Display the rounded numbers but sum the actual values. Depending on how you're presenting the numbers, the actual way to do that would vary. That way you get
14
48
10
29
__
100
Any way you go you're going to have discrepancy. There's no way in your example to show numbers that add up to 100 without "rounding" one value the wrong way (least error would be changing 9.596 to 9)
EDIT
You need to choose between one of the following:
Accuracy of the items
Accuracy of the sum (if you're summing rounded values)
Consistency between the rounded items and the rounded sum)

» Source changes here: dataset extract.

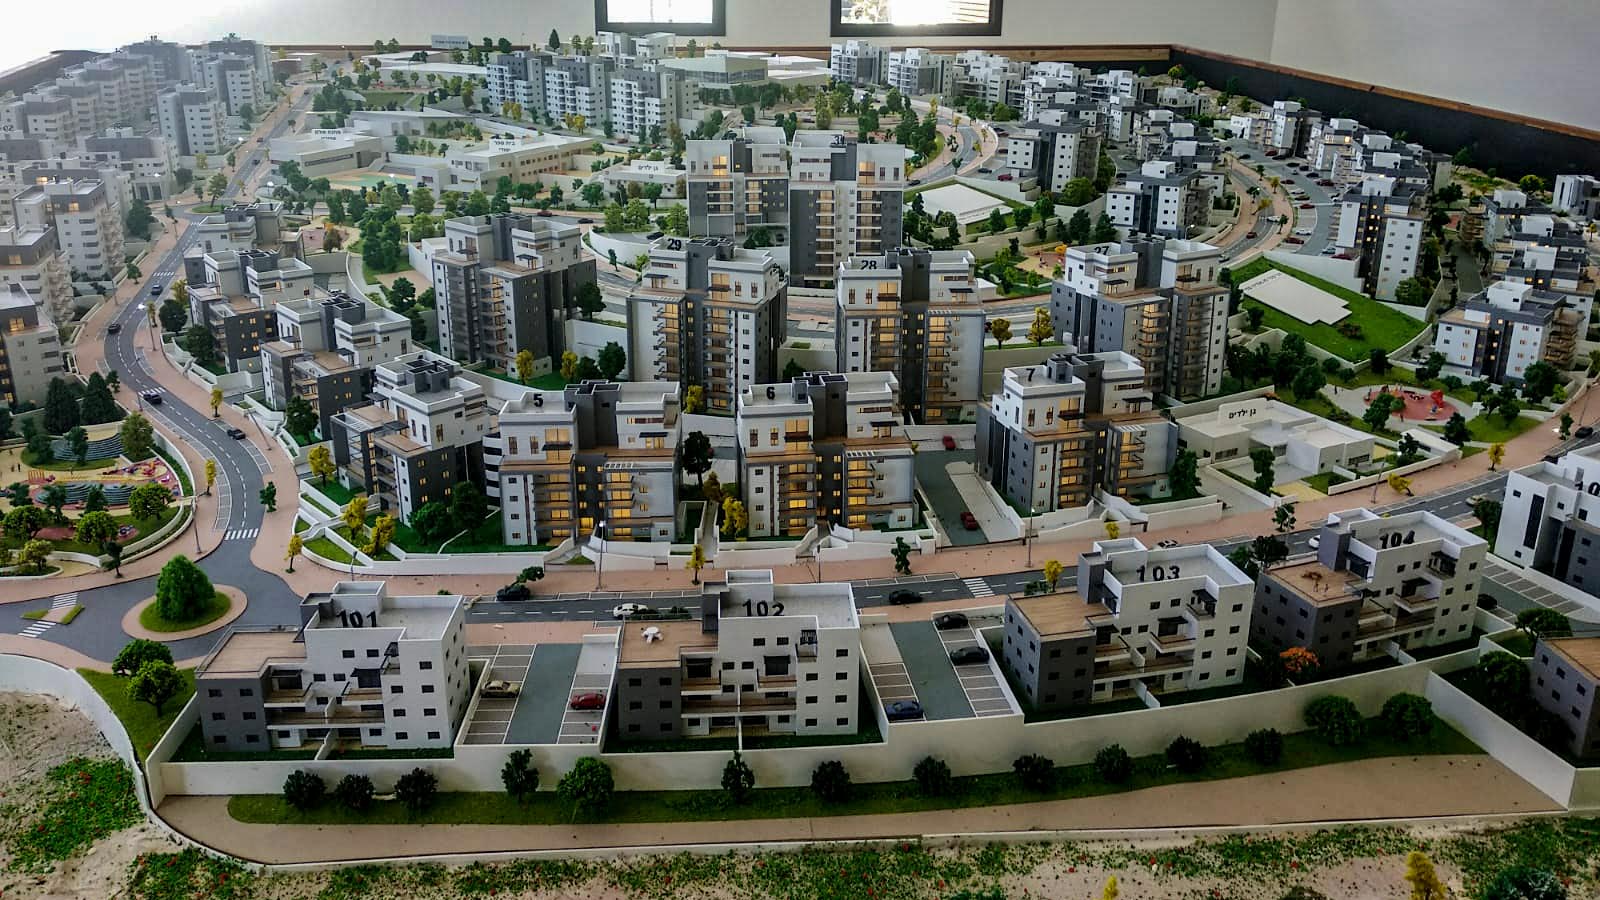 מודל של העיר חריש (צילום: עמר כהן)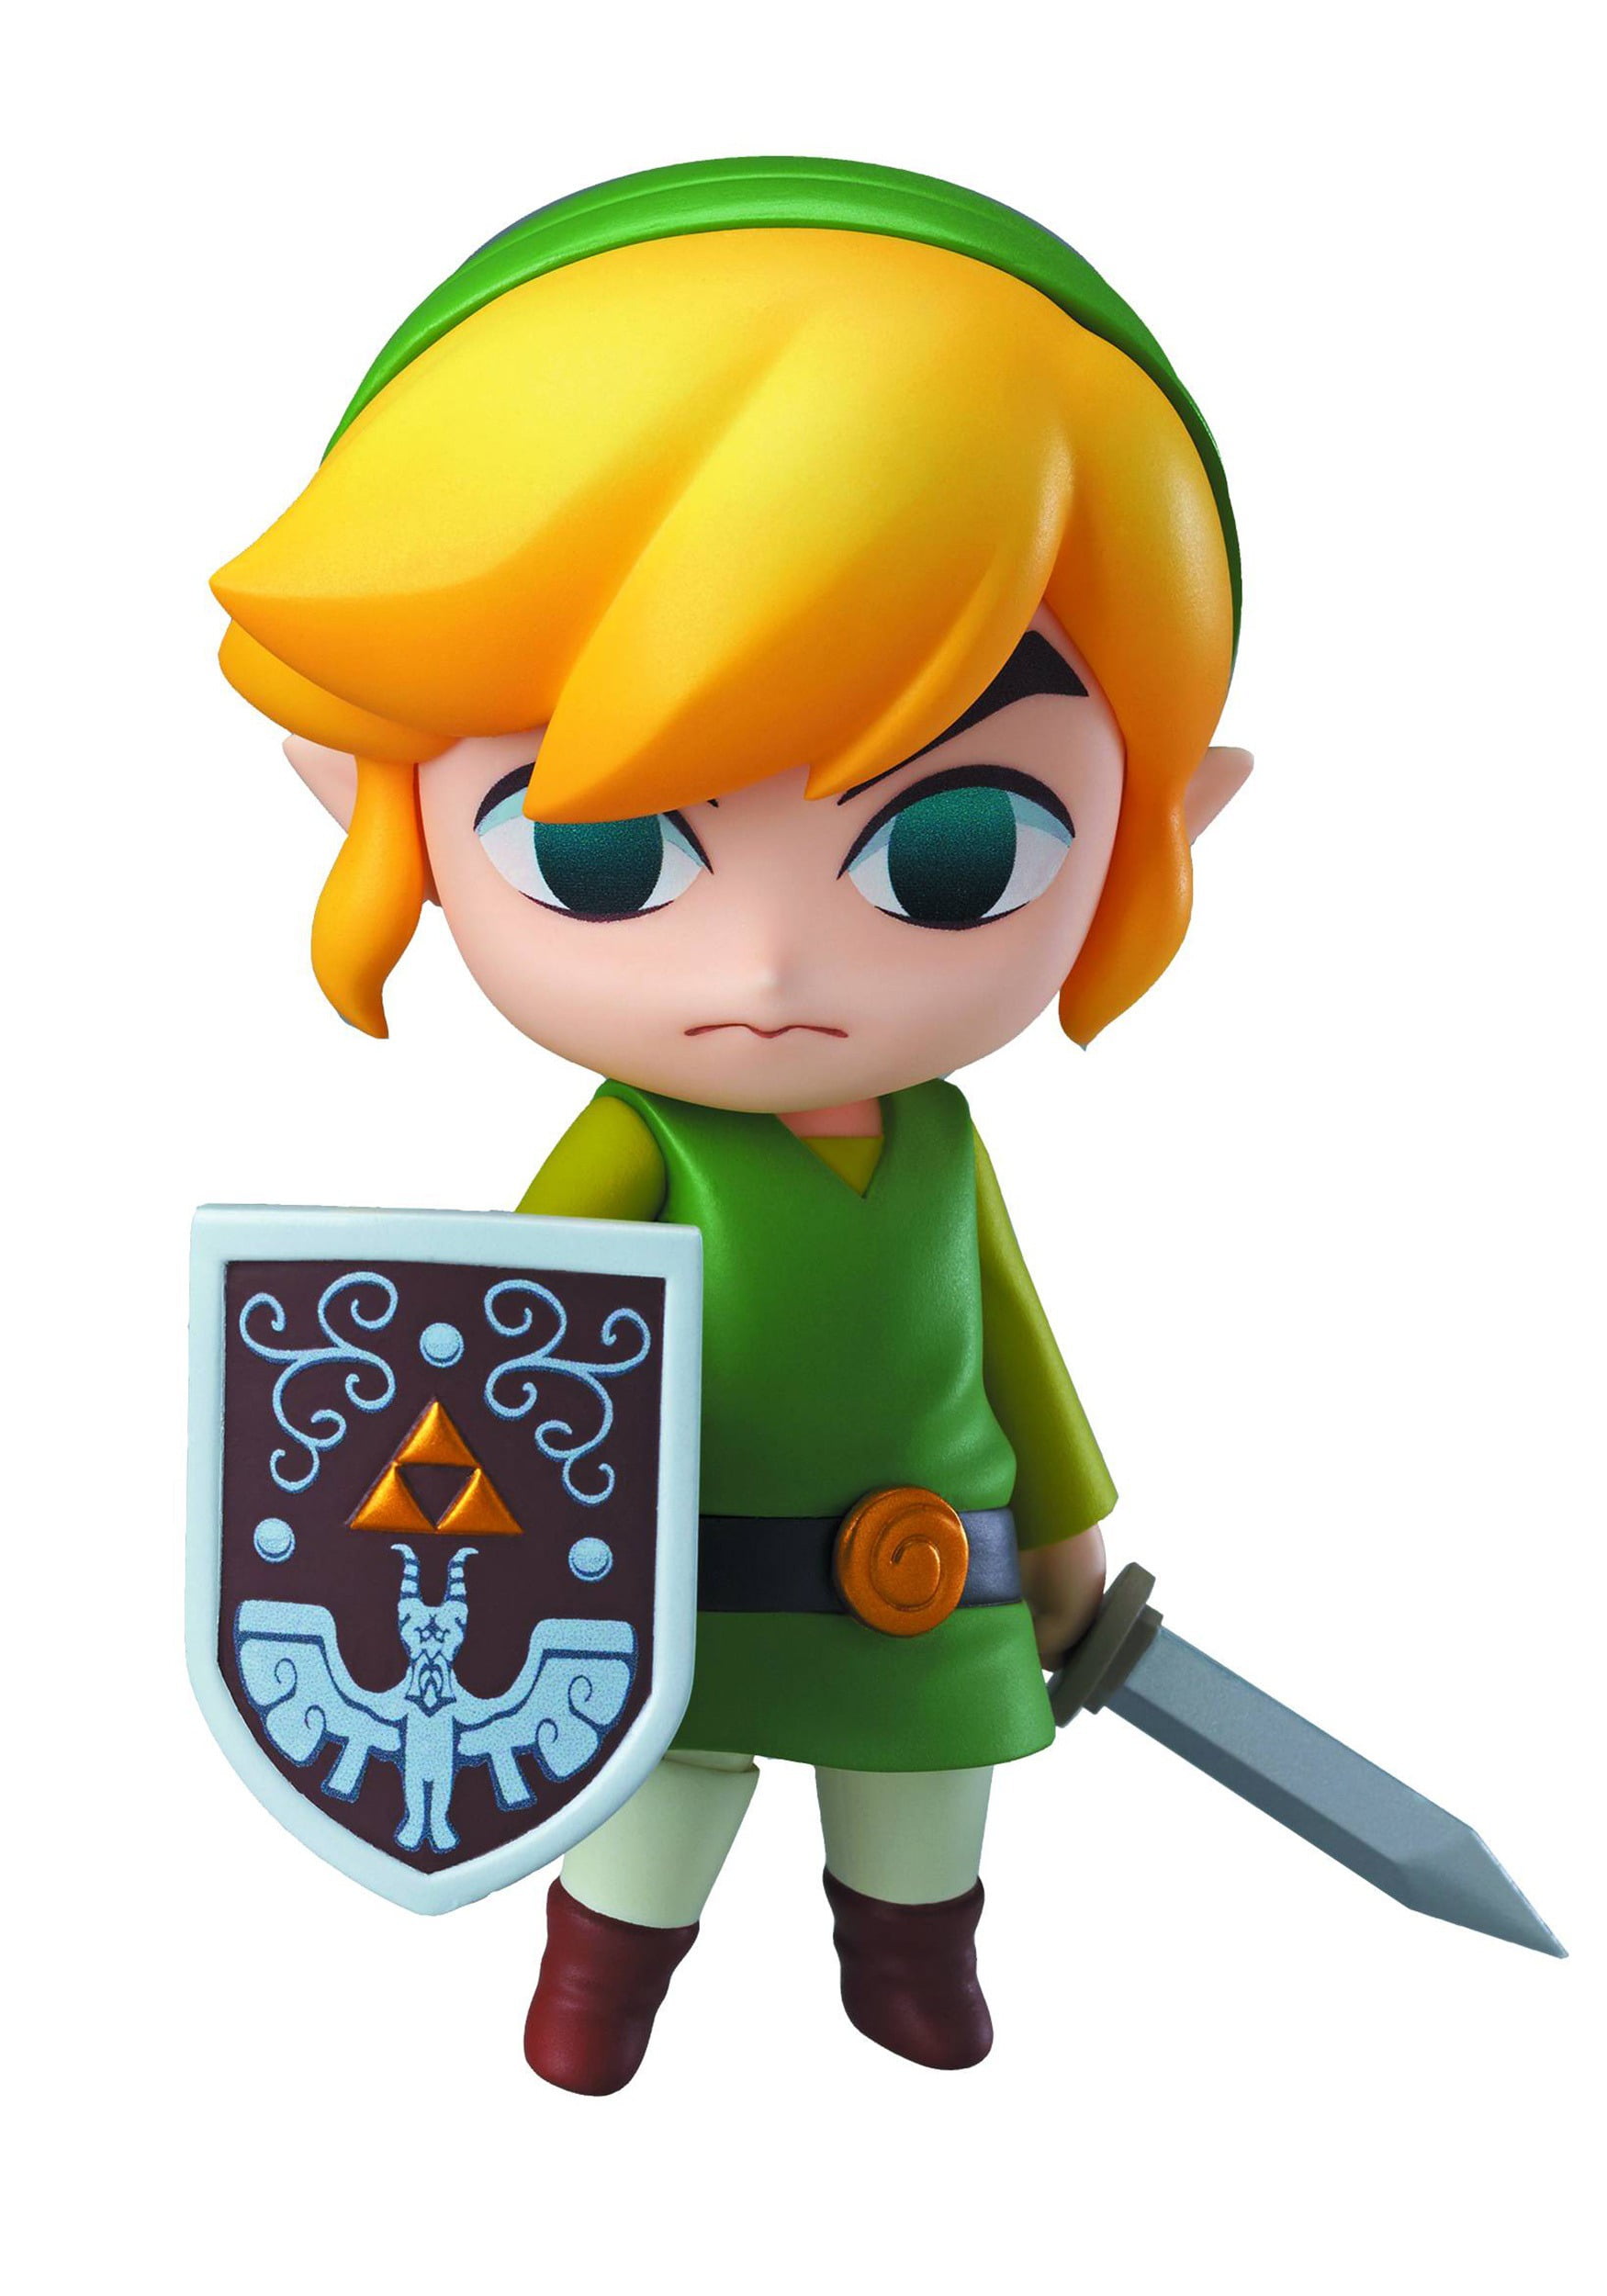 Good Smile Company Legend Of Zelda: Wind Waker Link Nendoroid Action Figure  : Target

Most of the time when dealing with percentages #3 is the best option because it's more obvious when the total equals 101% than when the individual items don't total to 100, and you keep the individual items accurate. "Rounding" 9.596 to 9 is inaccurate in my opinion.
To explain this I sometimes add a footnote that explains that the individual values are rounded and may not total 100% - anyone that understands rounding should be able to understand that explanation.
You could try keeping track of your error due to rounding, and then rounding against the grain if the accumulated error is greater than the fractional portion of the current number.
13.62 -> 14 (+.38)
47.98 -> 48 (+.02 (+.40 total))
9.59 -> 10 (+.41 (+.81 total))
28.78 -> 28 (round down because .81 > .78)
------------
100
Not sure if this would work in general, but it seems to work similar if the order is reversed:
28.78 -> 29 (+.22)
9.59 -> 9 (-.37; rounded down because .59 > .22)
47.98 -> 48 (-.35)
13.62 -> 14 (+.03)
------------
100
I'm sure there are edge cases where this might break down, but any approach is going to be at least somewhat arbitrary since you're basically modifying your input data.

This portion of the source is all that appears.